Not all investor activism results in successful turnarounds however. For instance, Bill Ackman’s (Pershing Square) high-profile intervention at JC Penney (NYSE: JCP) failed to stop the company’s downward spiral. JCP now trades at around $5 a share; it was above $30 when Ackman took a huge position in the stock.

Sometimes, the activist fails and the share price suffers. Earlier this year, activist hedge fund Sarissa Capital put drug royalty company Innoviva’s (INVA) management in its crosshairs. Chief among Sarissa’s criticism of those at the helm at Innoviva were allegedly excessive executive compensation and wasteful allocation of capital.

As Sarissa’s efforts to place three of its handpicked candidates on Innoviva’s board gathered steam, INVA rallied in anticipation of management change, but in the end company-backed incumbent board members won a close proxy vote in April. The share price immediately fell steeply as shareholders hoping for changes bailed. Investors should also beware that activist investors who lose the proxy fight could give up and sell all of their stake, which would put downward pressure on the share price.

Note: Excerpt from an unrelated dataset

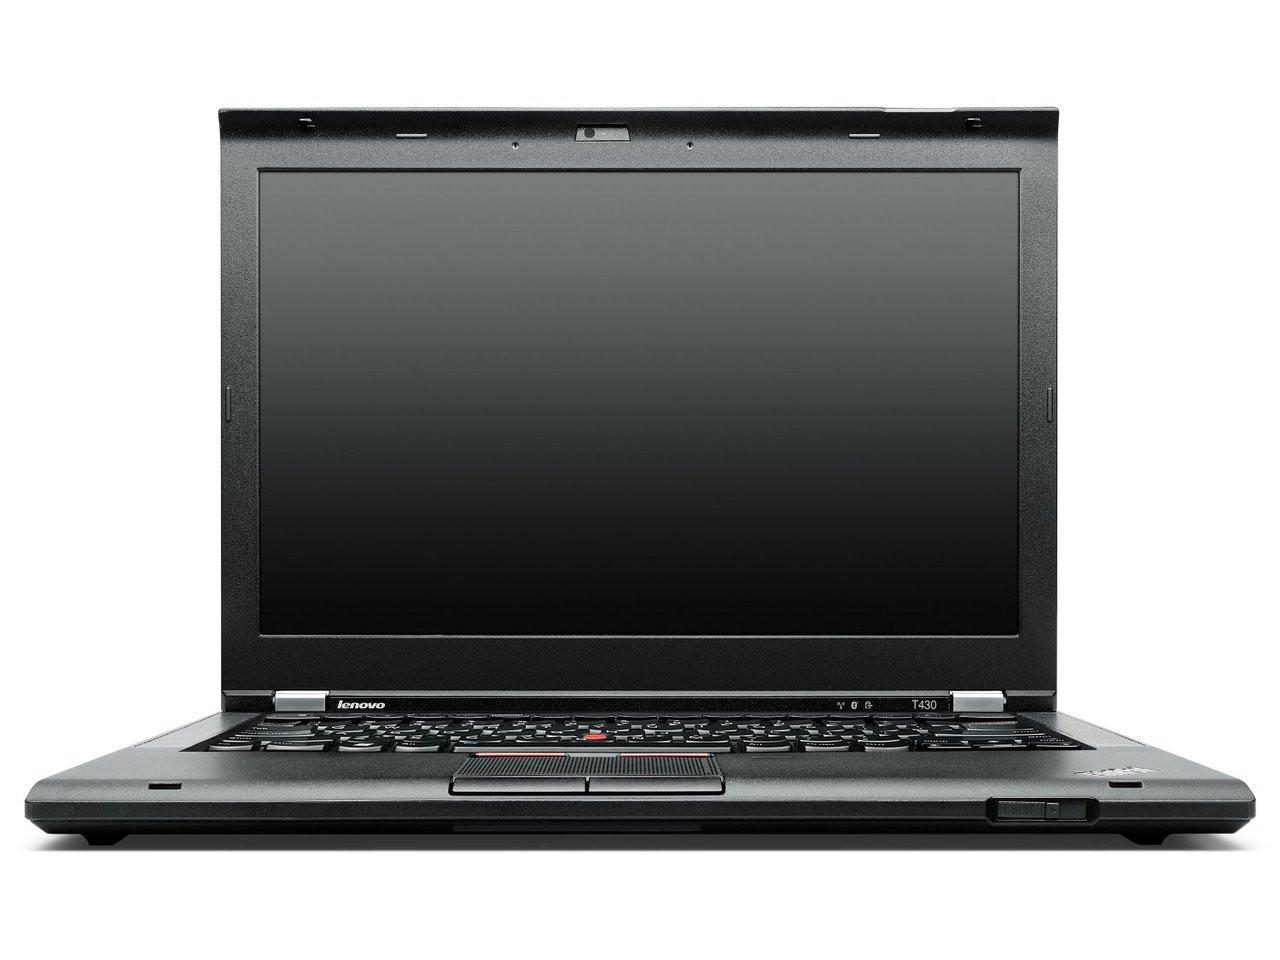 Lenovo Thinkpad T430 - Core i5 (Configure to Order)

More recently, one of our favorite hedge funds, Marcato Capital Management, is seeking a management and strategic overhaul at Buffalo Wild Wings (Nasdaq: BWLD). Marcato founder Mick McGuire, who bought the stock at around $140 a share, says that the share price could triple if the company refranchised most of its stores—selling company-operated stores to franchisees. He proposes changing from Buffalo’s 50-50 split to a 90-10 split. Franchise stores yield lower revenues but much higher operating margins for restaurant chains due to greatly reduced costs. He nominated himself and three others for the nine-member board and called for CEO Sally Smith—at the helm for more than 20 years—to resign.

While refranchising theoretically should improve Buffalo’s profit margins, there are disruption risks associated with refranchising a large number of store units in a relative short amount of time. Moreover, Buffalo—as well as other restaurants—face structural headwinds including the tendency for the younger generation to more frequently cook at home and order delivery, weaker foot travel to malls and a fall in sports viewership.

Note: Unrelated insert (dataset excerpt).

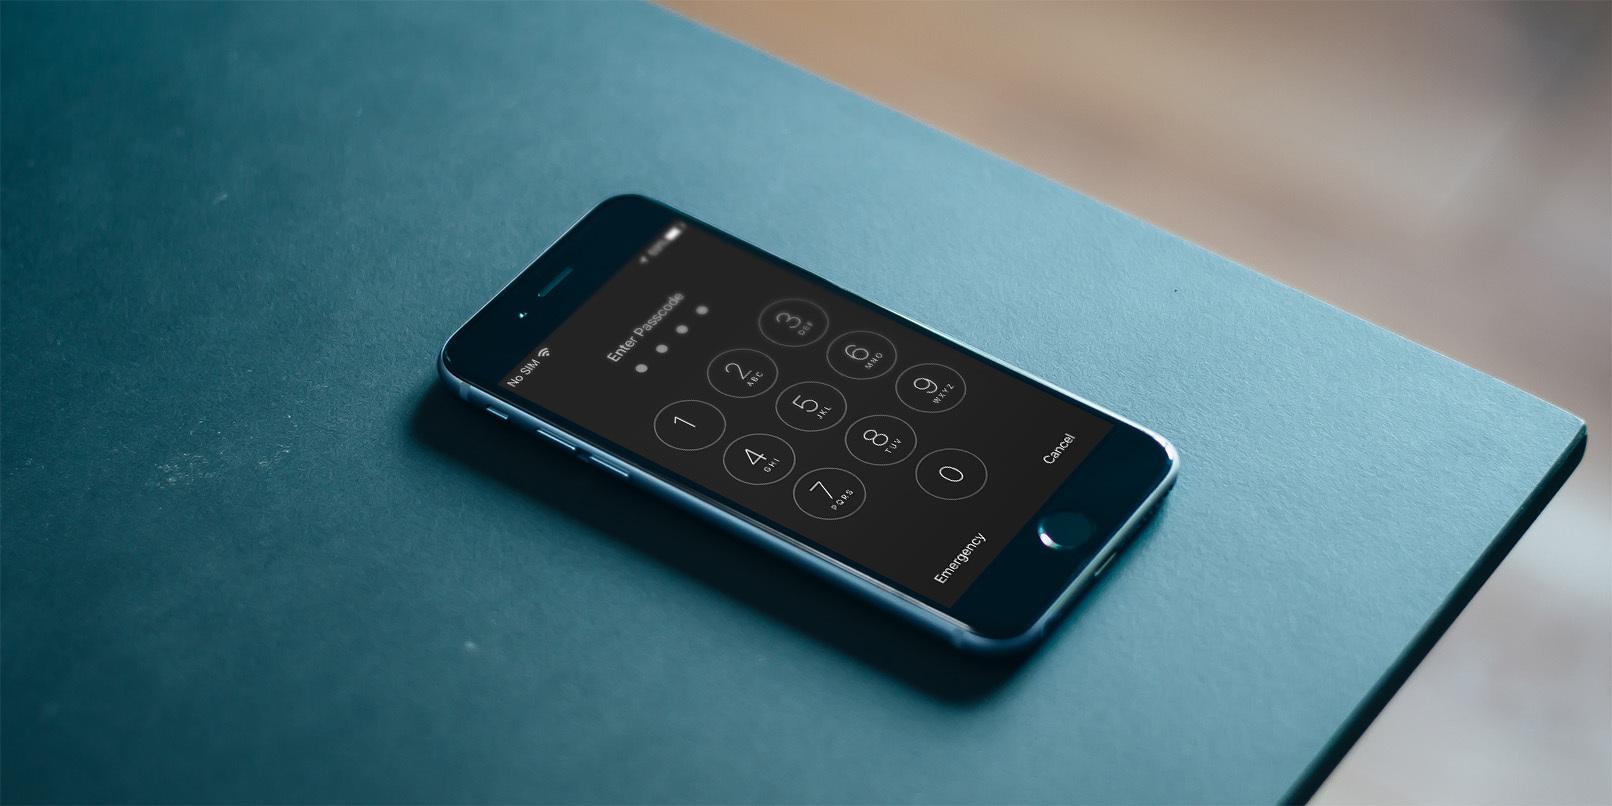 This is how the FBI unlocked the San Bernardino shooter's iPhone

After back-and-forth volleys against one another between Marcato and Buffalo management, the vote finally occurred three days ago last Friday. As evident by BWLD’s Friday intraday price swings, it was quite a roller coaster ride. First came unsubstantiated rumors that Marcato was negotiating to sell its shares, which caused a swift $6 dip in price, then came the announcement that Sally Smith will retire at the end of the year, a sign that the Marcato camp may have won, which caused the price spike before tapering off in late trading.


By the afternoon, Marcato released a statement declaring that McGuire and two of his three nominees had won election. Now that shareholders have voiced their support for Marcato, changes will be afoot. A 90 percent refranchise model, as McGuires wants, may be too aggressive to implement in practice in anything less than five years. A target refranchise ratio in the neighborhood of 70-30 is probably more realistic over the next few years. Whether the changes will result in a doubling or tripling as McGuire predicted remains to be seen.

The bottom line, investor activism can be a positive by shaking things up at a struggling company and holding incumbent management accountable. Following an activist investor into a stock in the right situation could be quite a profitable move. On the other hand, proxy fights create more uncertainty and there’s no guarantee the activist investor is right. When considering whether to follow an activist investor into a stock, individual investors should always consider the situation on a case-by-case basis. Furthermore, individual investors should keep in mind that activist investors are out for their own interests, not those of not other shareholders, so don’t feel wedded to a stock. Lastly, be aware that even when an activist investor successfully brings about meaningful positive changes, it could take a few quarters to a few years for those improvements to be reflected in a higher stock price.